Nasaasira Edson Nyanabo was a fifth-year student of Architecture at Makerere University in 2022. He had great enthusiasm for value-for-money construction techniques. His inspiration comes from the question, “Why should someone pay more for a project that could cost less by consideration of an alternative construction method?”

1.0 INTRODUCTION

The cost of construction is a crucial consideration in the building industry. Deciding which material is more cost-effective for building construction, concrete or steel, has been a matter of debate for many years, leaving investors in the building industry unsure of which material to use. Therefore, it is necessary to assess and compare the costs of constructing steel and concrete structures using well-defined criteria.

This article compares the cost of steel-framed buildings against those of reinforced concrete (RCC) frame structures. The criteria used in this study includes the costs of materials, transportation, construction/labor, design, design variations, construction duration, and deconstruction costs.

The cost of materials includes the cost of steel and concrete, as well as any other materials required for construction. The transportation cost includes the cost of moving the materials from the supplier to the construction site. The construction/labor cost includes the wages paid to workers and the cost of equipment used in the construction process. Design and design variations include the cost of any design changes that may be required during the construction process. Construction duration is the time it takes to complete the construction, and deconstruction is the cost of removing the building at the end of its useful life.

The findings of this study will help investors, consultants, and contractors make informed decisions when choosing between steel and concrete construction materials. However, it is essential to note that the cost of construction is not the only factor that should be considered when selecting a building material. Other factors such as durability, strength, and environmental impact should also be considered.

In conclusion, this article provides a comprehensive comparison of the cost-effectiveness of steel and RCC frame structures in building construction. The criteria used in this study highlight the advantages and disadvantages of each material hoping that the study leads to more cost-effective and efficient building construction practices.

1.1 Problem Statement

The construction industry relies heavily on the use of steel and concrete as construction materials for building structures. However, the choice between these materials is a significant challenge for investors, consultants, and contractors due to the lack of clear cost comparison criteria. The decision on which material to use is not just a matter of cost; other factors such as durability, strength, and environmental impact should also be considered.

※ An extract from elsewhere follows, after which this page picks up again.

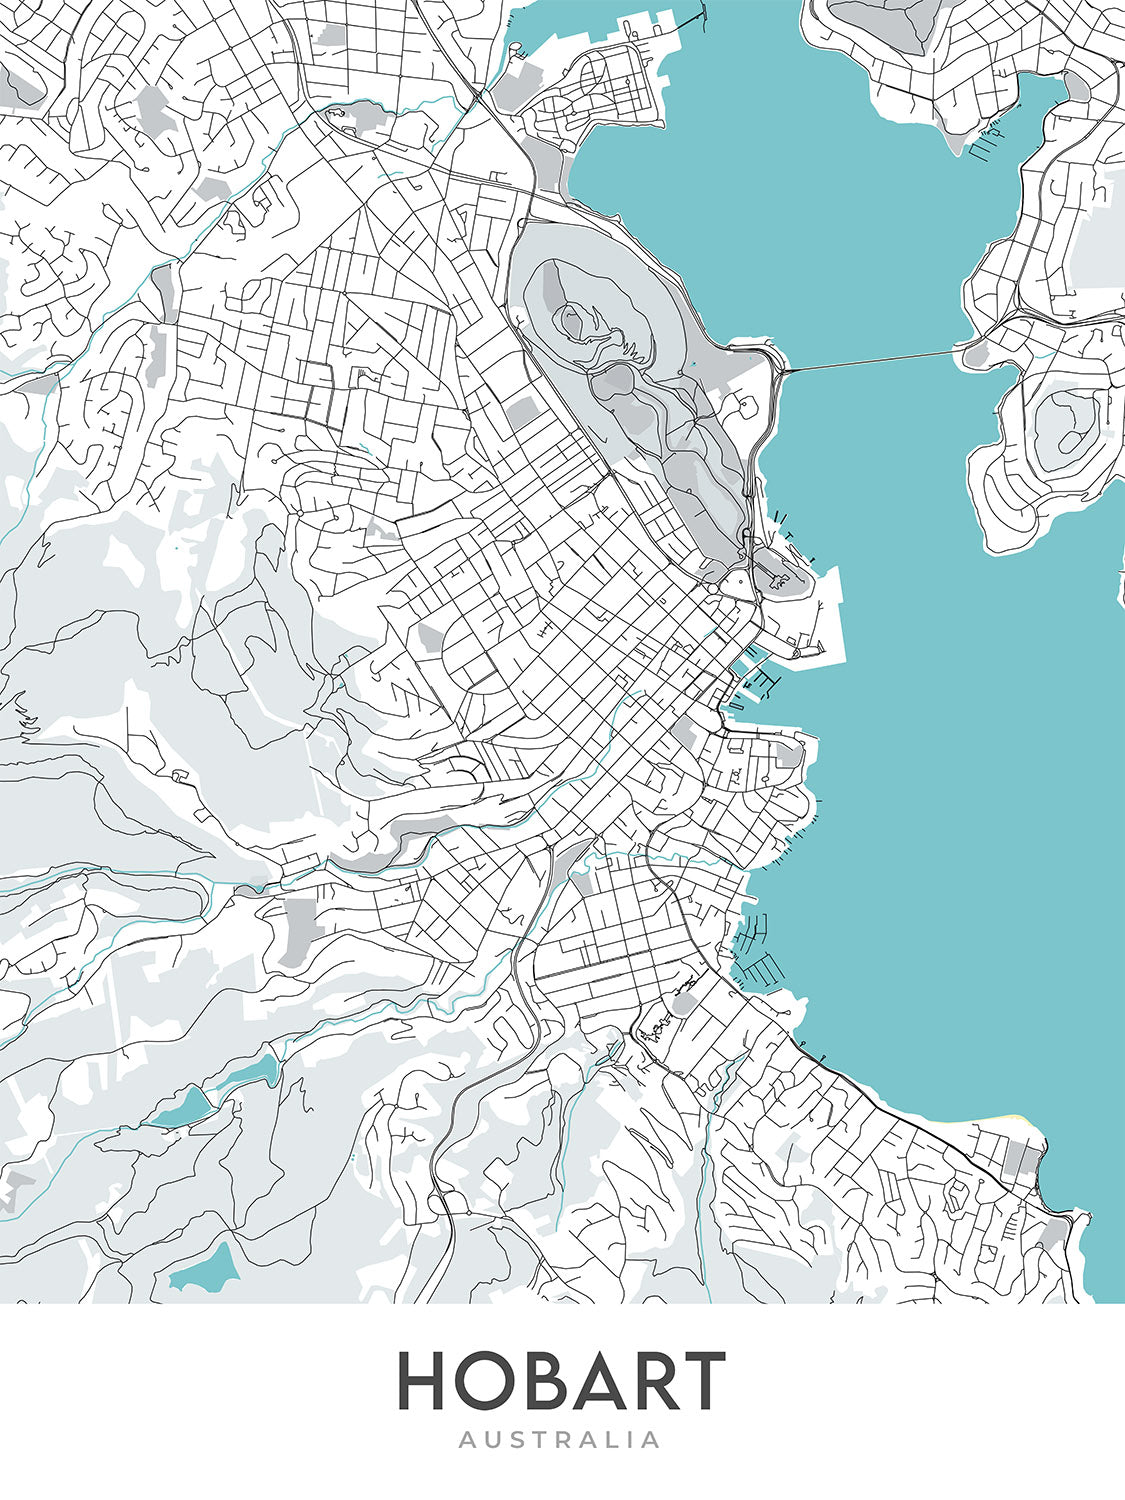 Plan de la ville moderne de Hobart, Australie : Sandy Bay, Battery Point, la cathédrale Saint-David, le musée de Tasmanie, le cénotaphe de Hobart

The absence of well-defined cost comparison criteria has led to many undocumented and inconclusive comparisons of steel and concrete construction costs, resulting in investors being ill-informed or misinformed about the cost-effectiveness of these materials. As a result, investors, consultants, and contractors have been disappointed when the costs of a project have skyrocketed. This challenge has necessitated the need for a comprehensive study to assess and compare the costs of constructing steel and concrete structures using clear cost comparison criteria.

This study aims to address the problem by evaluating the comparative cost of constructing steel-framed buildings and RCC-frame structures using established criteria. The findings of this study will provide investors, consultants, and contractors with the information they need to make informed decisions regarding the choice of construction materials, ultimately leading to more cost-effective and efficient building construction practices.

1.2 Specific Objectives of the Study

• To identify key cost drivers for steel and concrete construction materials.
• To compare the cost-effectiveness of steel and RCC structures.
• To recommend cost-effective building practices for steel and concrete structures.

2.0 METHODOLOGY

This study used a comparative case study research design to evaluate the cost-effectiveness of steel and RCC structures. The research design involved selecting two building projects, one constructed with steel and the other with RCC, and comparing their costs based on the established criteria. The cost comparison was based on actual construction costs, as collected from different suppliers, the comparisons considered some costs constant in both scenarios like the design costs.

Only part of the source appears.